Role of Rivers in the Economy
- Rivers play a significant role in the economy of a country in many ways-
- Rivers are a primary source of fresh water for drinking, irrigation, and industrial purposes.
- Rivers are used for the transportation of goods and people.
- Rivers provide a significant source of renewable energy through hydroelectric power generation.
- Rivers provide a range of activities such as rafting, kayaking, fishing, and other recreational activities.
- Rivers provide essential habitats for aquatic plants and animals.
The main sources of river pollution are human activities such as improper waste disposal, industrial effluent discharge, and agricultural runoff. These activities release a range of pollutants such as organic matter, nutrients, heavy metals, pesticides, and other toxic substances into the river.
It impacts on the environment, economy, and human health. It affects the quality of water for drinking, irrigation, and industrial purposes.
The government has implemented various measures to prevent and control river pollution such as the installation of sewage treatment plants, the enforcement of pollution control regulations, and the promotion of sustainable agricultural practices.

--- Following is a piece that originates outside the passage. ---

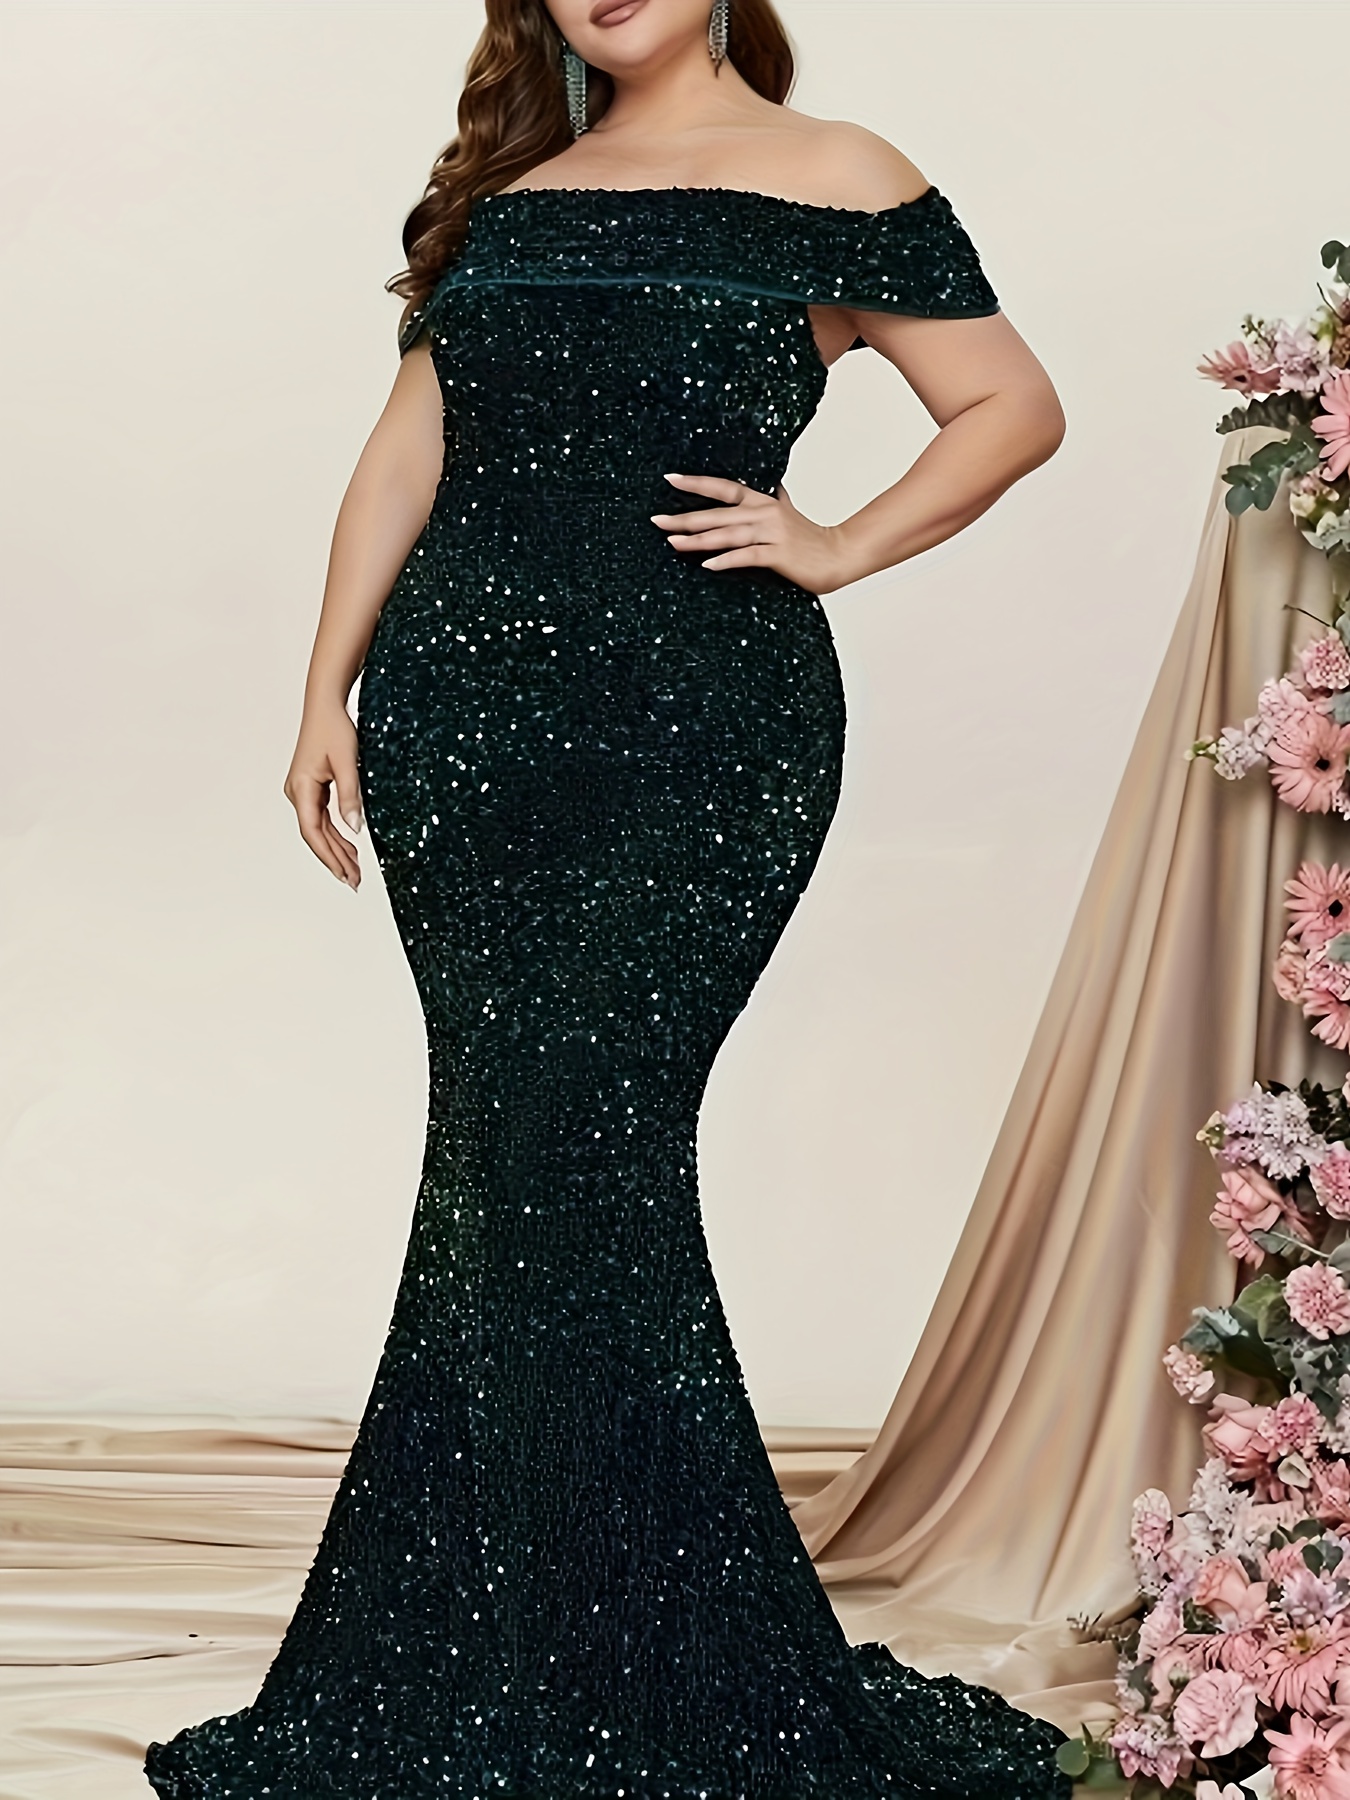 Sequin Trumpet Prom Dress Plus Size Tiffany Designs 16042 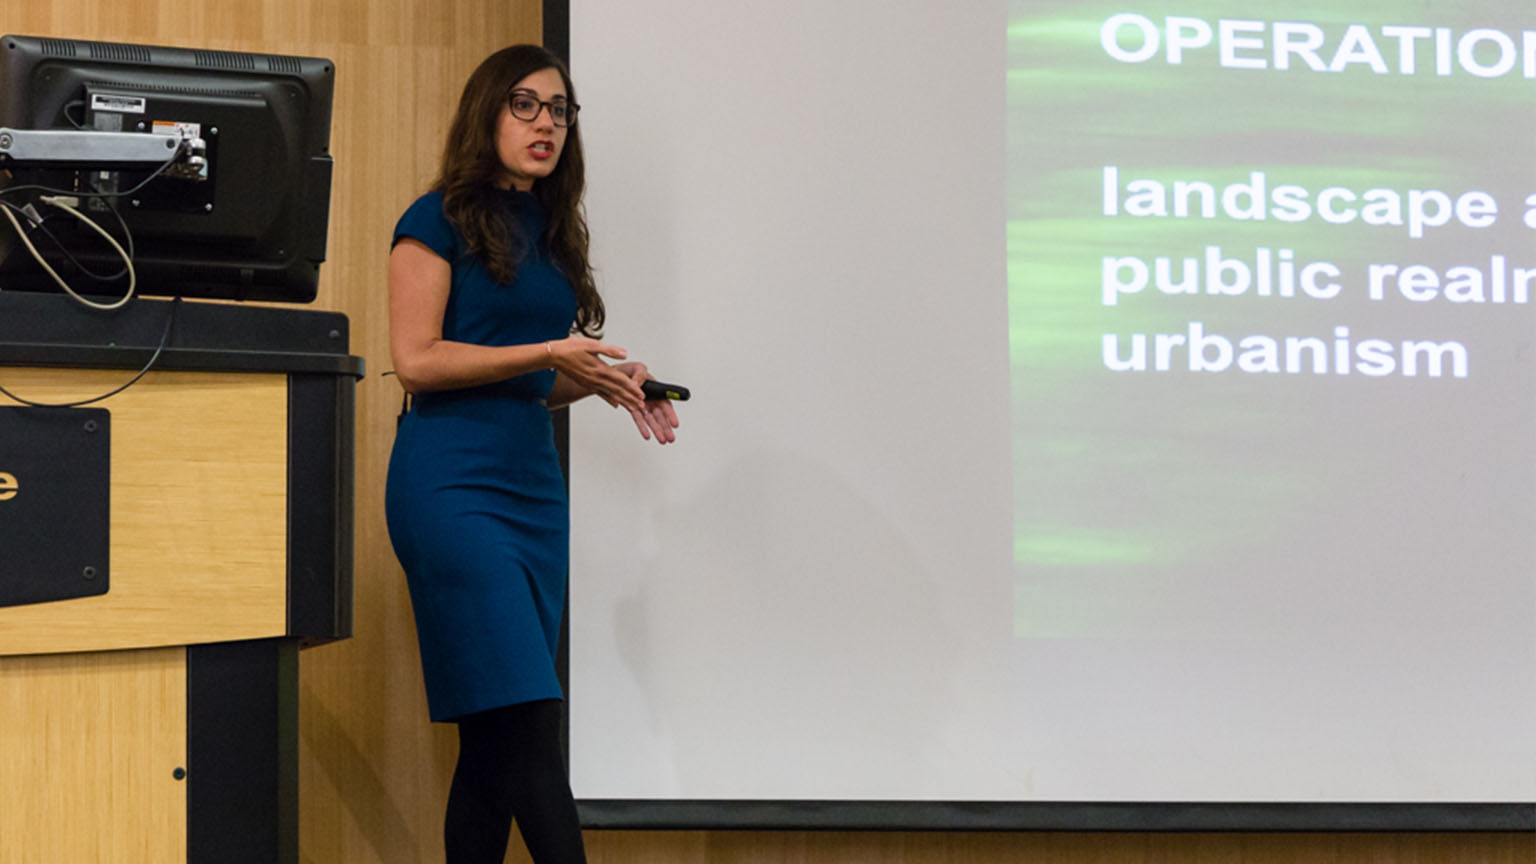 Isabel Castilla presenting her lecture in the Reinsch-Pierce Family Auditorium

The Class 9 Geography Chapter 3 Notes provide students with a comprehensive understanding of the river systems & their importance in India. By studying and practicing these NCERT notes, students can enhance their knowledge, improve their problem-solving skills, and perform better in their exams. You can access them by visiting the website. If you have any other queries about Drainage Class 9 Geography Chapter 3 Notes feel free to reach us so that we can revert back to us at the earliest possible.
1. What are drainage notes?
Drainage notes are brief written observations and measurements related to drainage systems, such as the location of drains, their size, and the direction of flow.
2. What are the types of drainage?
There are two main types of drainage:
Surface drainage- the removal of excess water from the surface of the ground.
Subsurface drainage- the removal of water from beneath the ground surface.
3. Why is drainage important?
Drainage is important because it helps to prevent water accumulation and associated problems such as flooding, erosion, and waterlogging.
4. What is Water Divide Class 9?
An imaginary line that separates one drainage basin from another. It is the line along high elevations, such as a mountain range, where water flows downhill on one side to one river, and on the other side to another river.
5. What is Gorge class 9?
A gorge is a narrow, steep-sided valley that is formed by the action of a river or a glacier.